> [Aim of the exercise]: There are pictures in the records below; leave them out and set down exactly the lines from the one holding "tietokone, kahvikuppi, puhelin ja kalenteri" through the one holding "photographe-mariage-aix-en-provence-stephanie-jerome-10".

+++ Material for the task +++

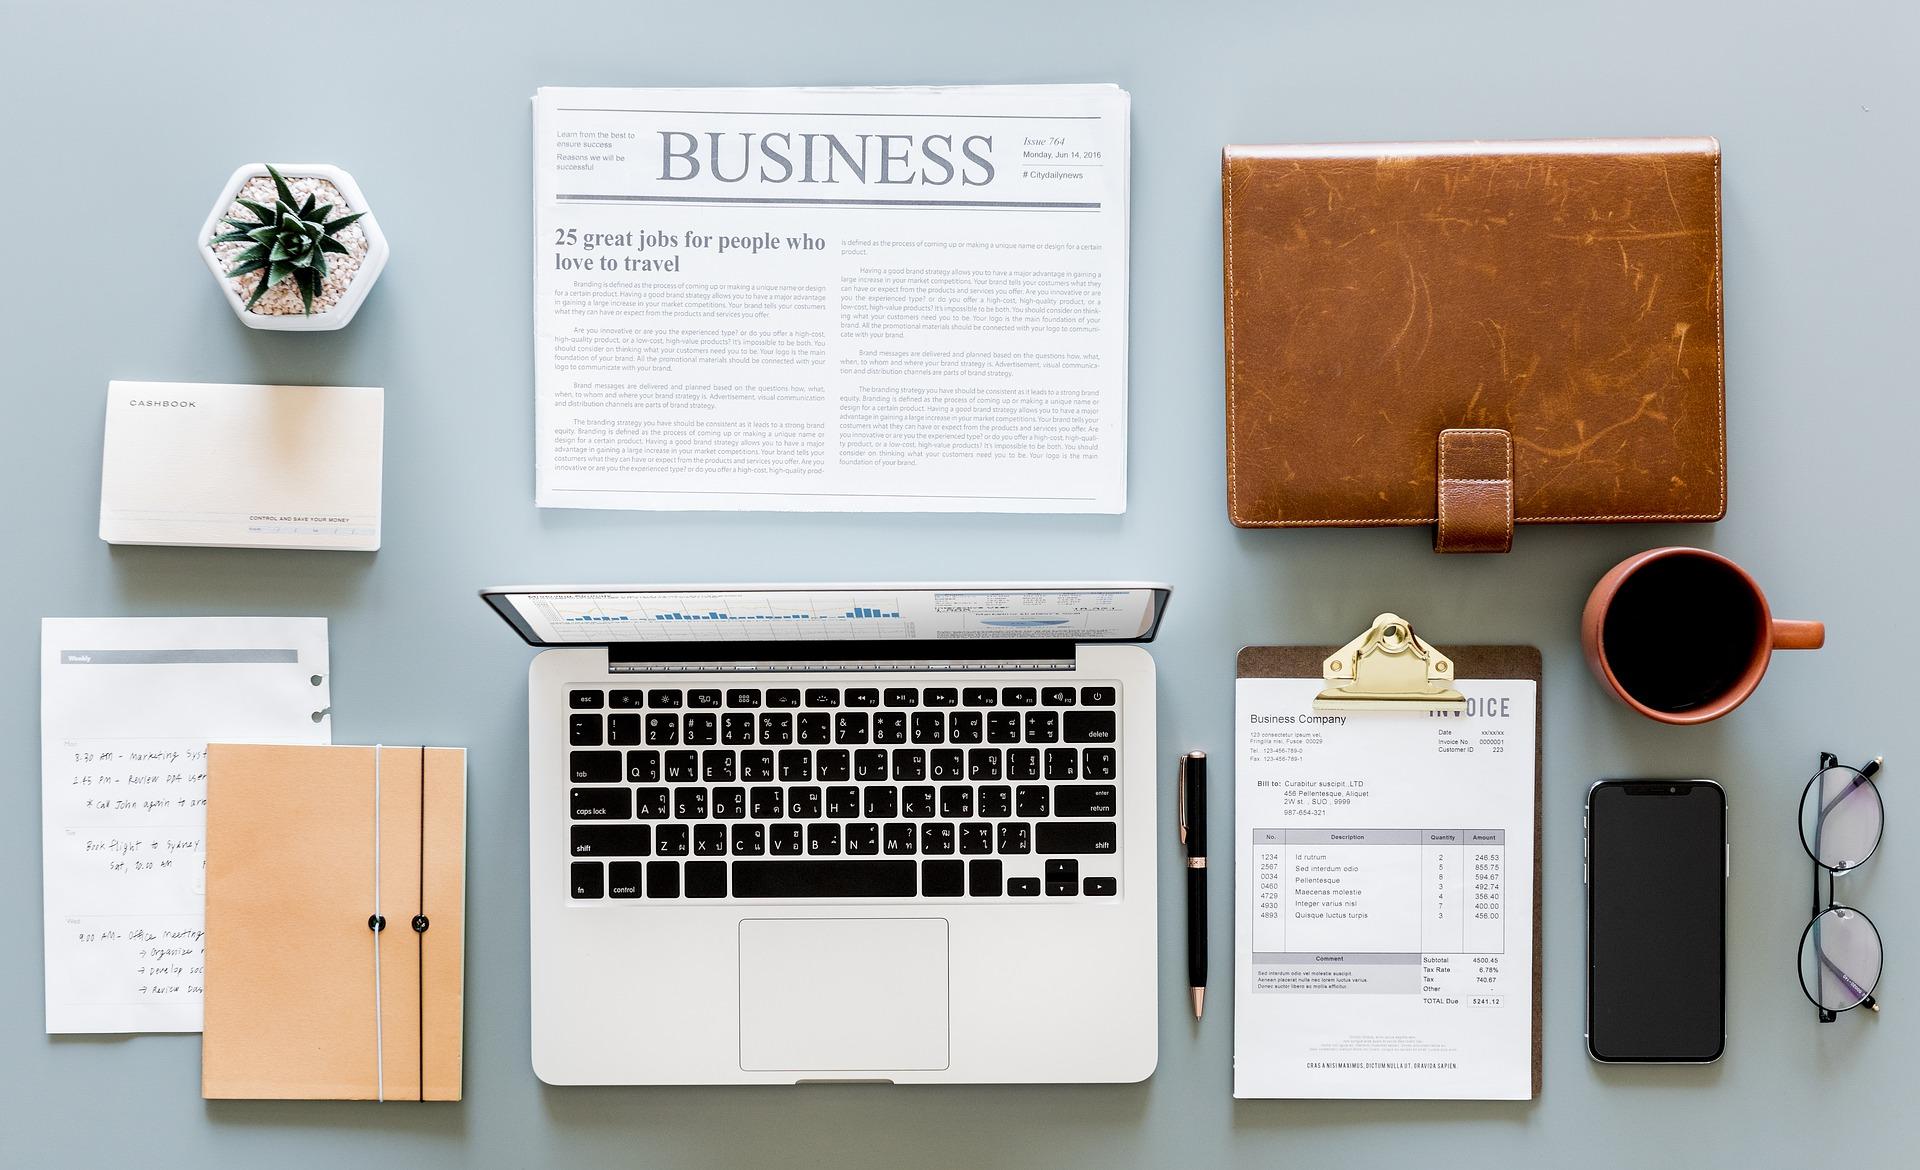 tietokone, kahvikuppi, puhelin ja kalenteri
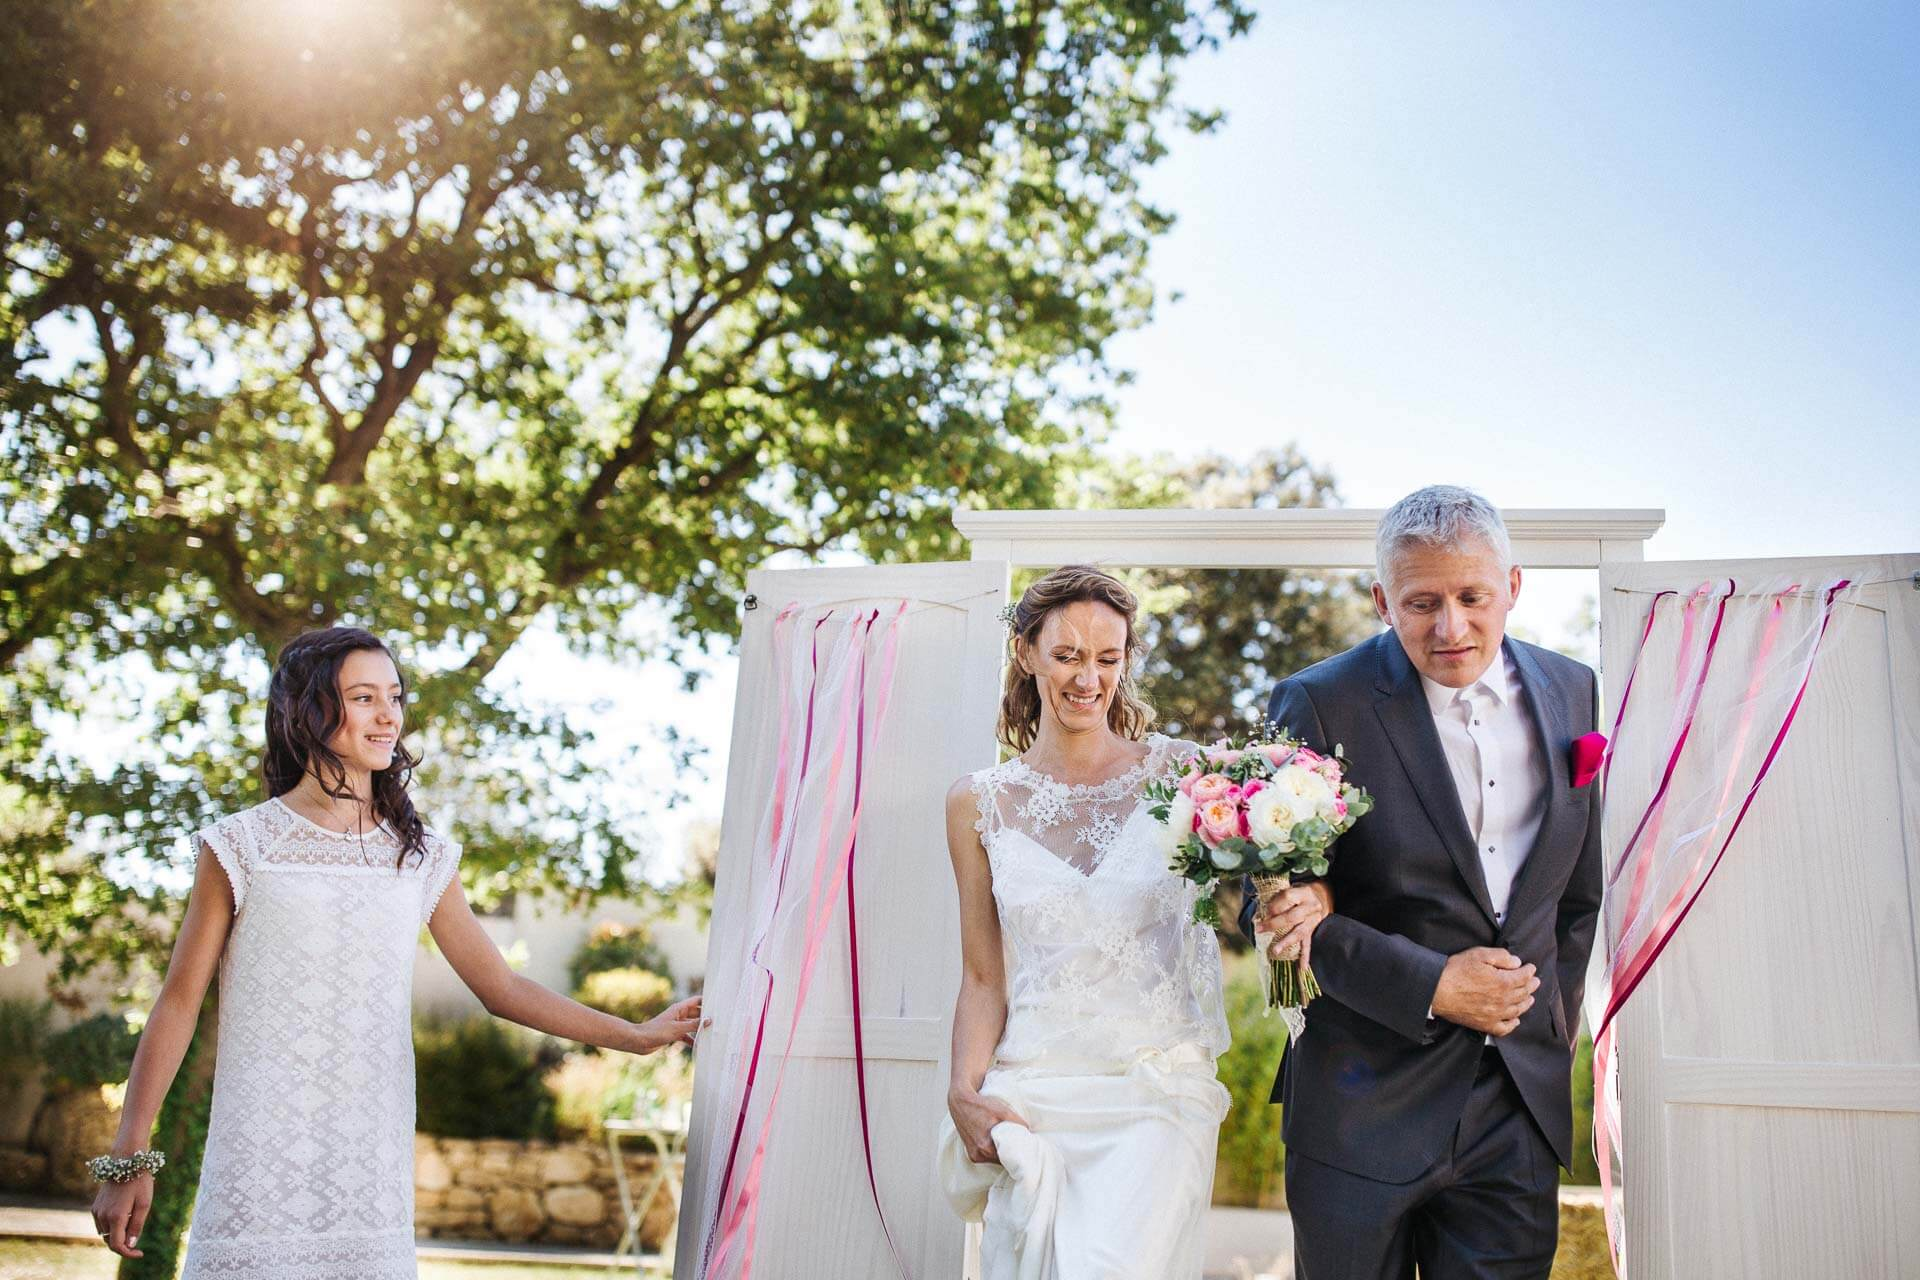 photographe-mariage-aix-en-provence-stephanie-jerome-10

+++
+++ Material for the task +++

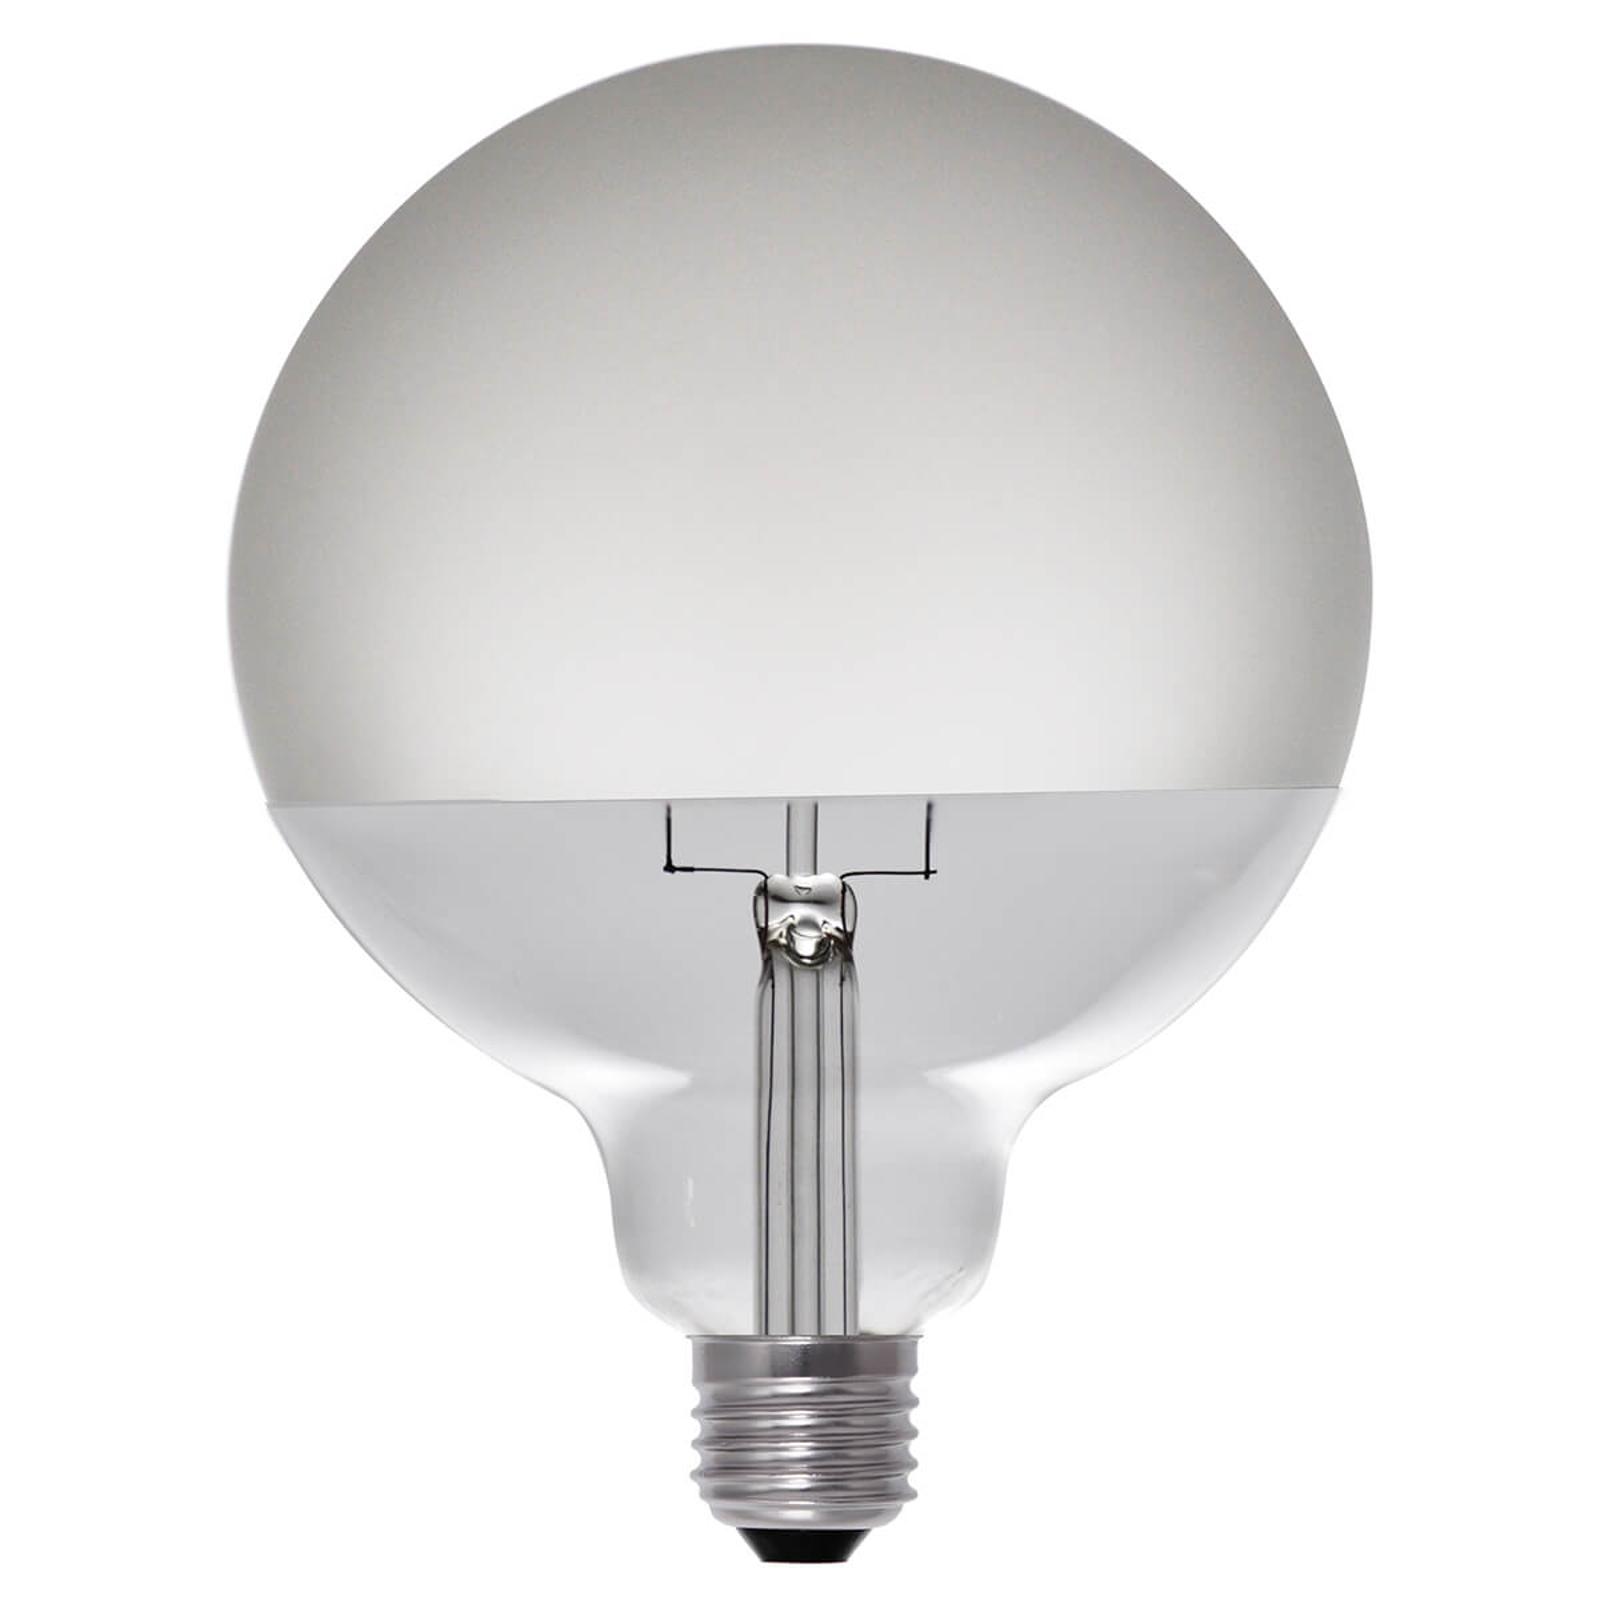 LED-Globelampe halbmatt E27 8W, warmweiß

+++

> [Result]:
 tietokone, kahvikuppi, puhelin ja kalenteri
 photographe-mariage-aix-en-provence-stephanie-jerome-10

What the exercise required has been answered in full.